The following year, Riva received word that the Indians had burned their settlements and retreated to the forest. Riva returned to the region with an army of 200 men, capturing and publicly hanging Manama and a Suchichi chief in May 1654. He fortified San José de Lamas, and, using it as a base, captured and hanged Ojanasta in November 1654. This marked the conquest of the Tabalosos, Lamas, Amasifuynes, Cascabosoas, Juamuncos and Payananzos, along with some groups of their Suchichi and Munichi allies; and their forced settlement in pueblos de indios under Spanish control.

===The colonial period: 1656-1826===

In 1656, the town of Lamas (officially Ciudad del Triunfo de la Santa Cruz de los Motilones y Lamas) was founded. The conquered indigenous population were forcibly distributed into three villages surrounding the new settlement, which was itself reserved for Spaniards and Criollos, creating the reduction of Lamas. The Indians were designated separated neighbourhoods, known as castas, according to their tribal origins, situated around the new Spanish fort. The indigenous population was split into encomiendas, which were granted to 25 Spanish citizens of Lamas. This imposed an obligation to provide the encomendero with labour and tribute, which in Lamas was typically in the form of cotton, as no other valuable products were cultivated. This system created a situation in which the population of Lamas was in constant debt to the Spanish townspeople, and therefore in a subservient position, a feature of the local economy which persisted into the late 20th century. The encomienda system also required the native population to be indoctrinated into the Catholic faith and prohibited them from leaving the area of the city without permission from the encomendero.
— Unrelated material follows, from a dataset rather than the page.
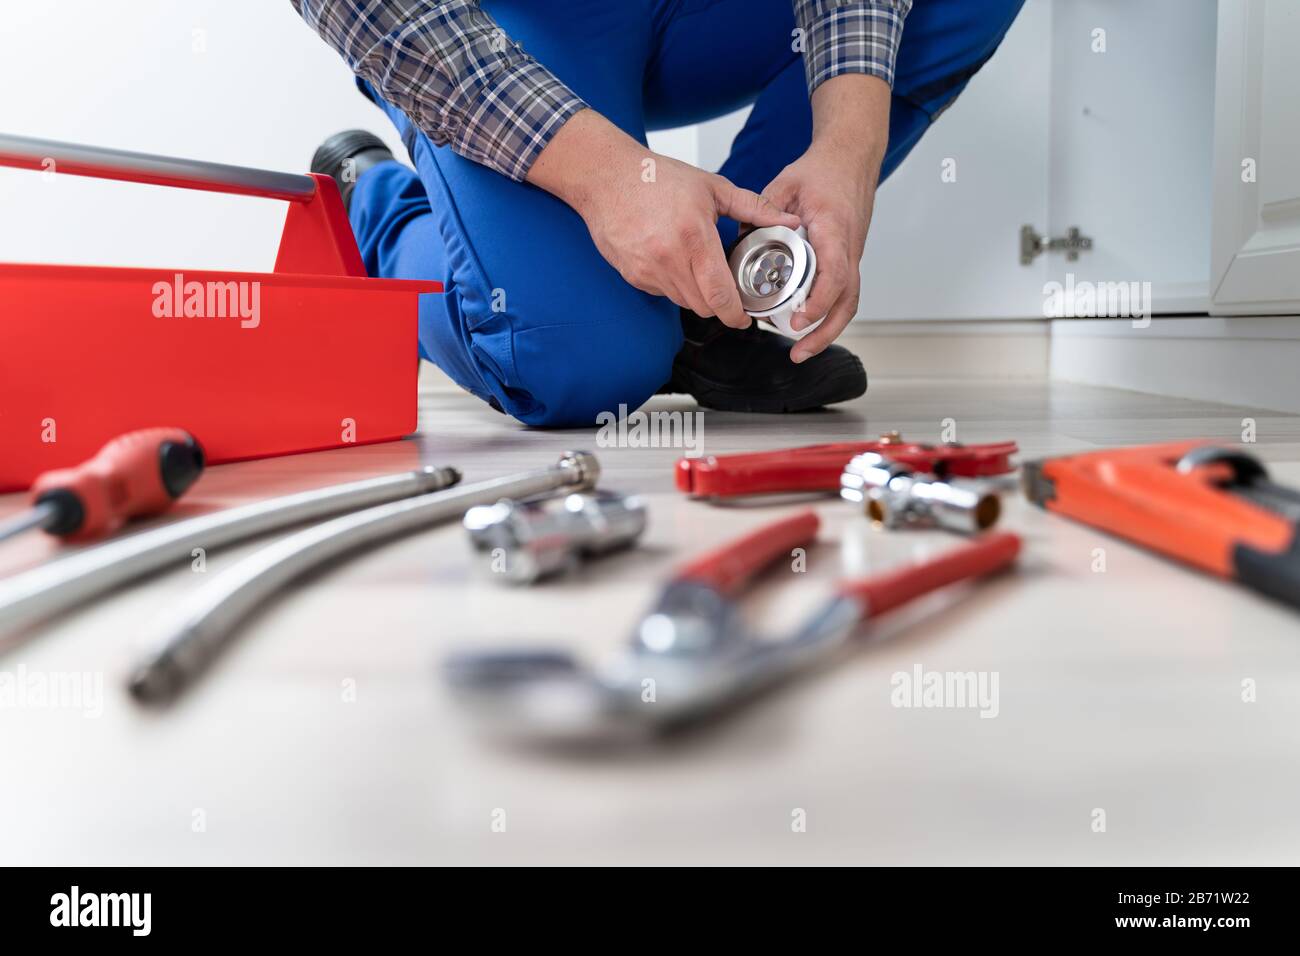 Male Plumber In Overall Fixing Kitchen Sink Pipe Stock Photo

Following their integration into the Spanish system of government, the indigenous population was subject to both European and Andean influence. They were obliged to adopt Andean modes of dress, specifically the cotton clothing which was described as "according to the fashion of the Inca" and the use of a belt called a "chumpi" which became much more complex in its decoration than the original Andean design. They also adopted European cotton-weaving techniques, producing cloth which was distributed by missionaries in zones which lacked a textile industry. The religious instruction of the local population was conducted in Quechua, the Lingua Franca of the Peruvian Amazon used by the Franciscan and Jesuit friars active in the area. According to Francoise Scazzocchio, it is likely that the multi-ethnic population of Lamas adopted Quechua for inter-group communication at this time, and then quickly abandoned their native languages, as occurred in the nearby reductions of Lagunas and Yurimaguas.
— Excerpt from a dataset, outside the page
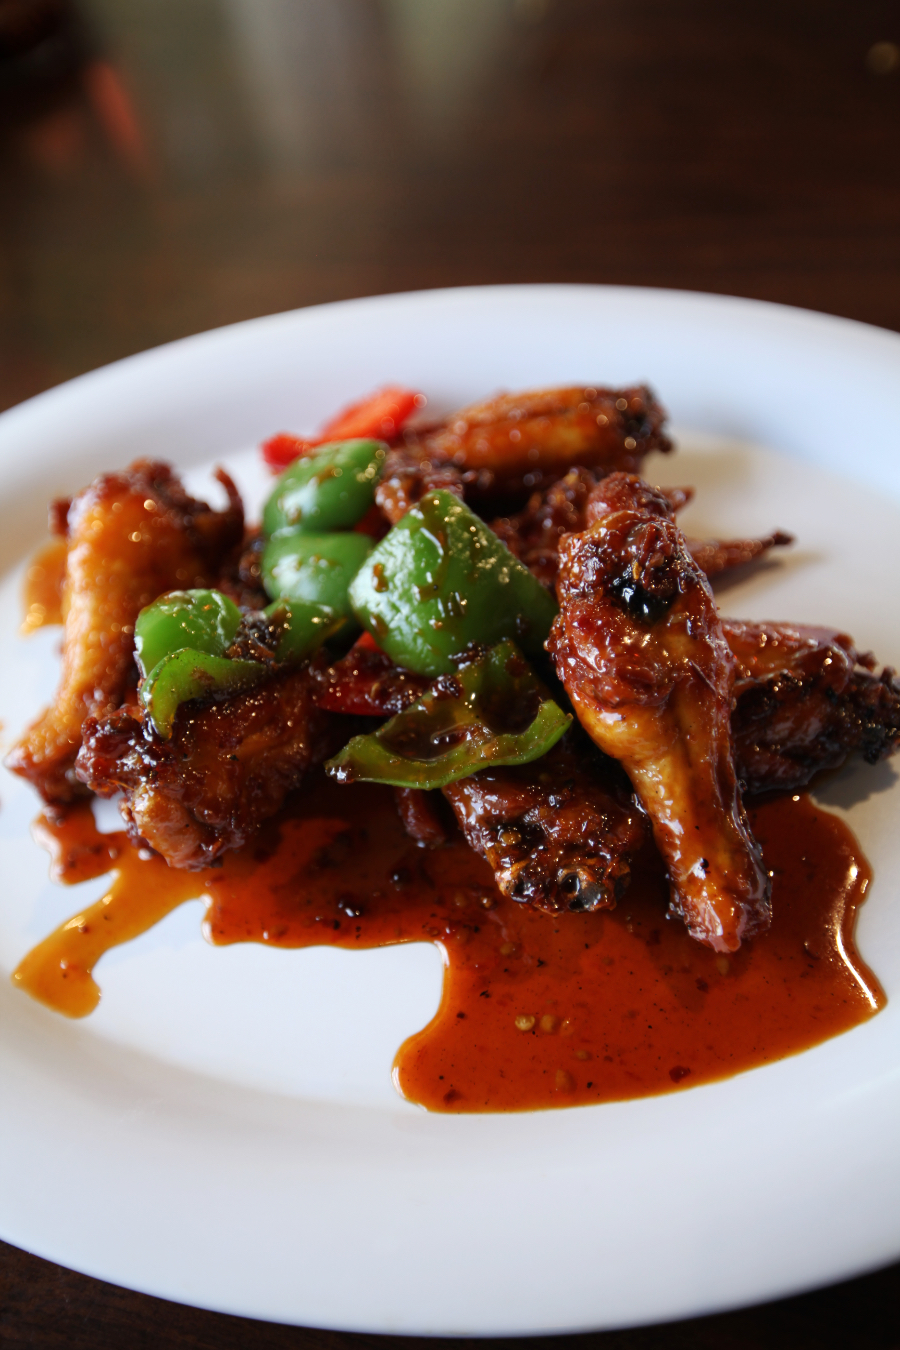 A photo of an order of chicken wings sitting on a plate

During the colonial period, Lamas was at the frontier of the Jesuit missions of Maynas, which extended north as far as modern-day Ecuador, and the Franciscan missions on the Huallaga River. The Jesuit missions were a refuge for indigenous people wanting to escape the exploitative conditions imposed by the Criollos, who frequently conducted hunting expeditions to recapture fugitive Indians. During this period, there were rebellions of the indigenous population around Lamas, which were put down by the Spanish. The Lamistas played an important military role during this period, acting both as paddlers and soldiers in Spanish expeditions against other ethnic groups.

Contact with the Spanish led to a huge death toll due to epidemics and the violence involved in the "pacification" of the natives. During the period between the conquest of Lamas and 1750, Jesuit writers estimated that the indigenous population of the region around Lamas had fallen by four fifths. Further epidemics in the mid-to-late 18th century, along with the expulsion of the Jesuits and Portuguese slave raids, led to the near depopulation of the region.

In 1789, the city of Tarapoto, was founded, following the same pattern as Lamas. A central city inhabited by Spaniards and Criollos was surrounded by suburbs of tributary indigenous communities; in this case Suchichis, Coscoasas and Amasifuenes. The Indians of Lamas and Tarapoto enjoyed a greater degree of autonomy in the late colonial period. At the turn of the 19th century, they began to form colonies in the vicinity of their hunting grounds, usually one or two days travel from Lamas or Tarapoto. These new settlers, once established, were usually then joined by Criollos, who would form nuclear villages near the indigenous colonies, and enter into a similar pattern of exploitation as found in Lamas and Tarapoto.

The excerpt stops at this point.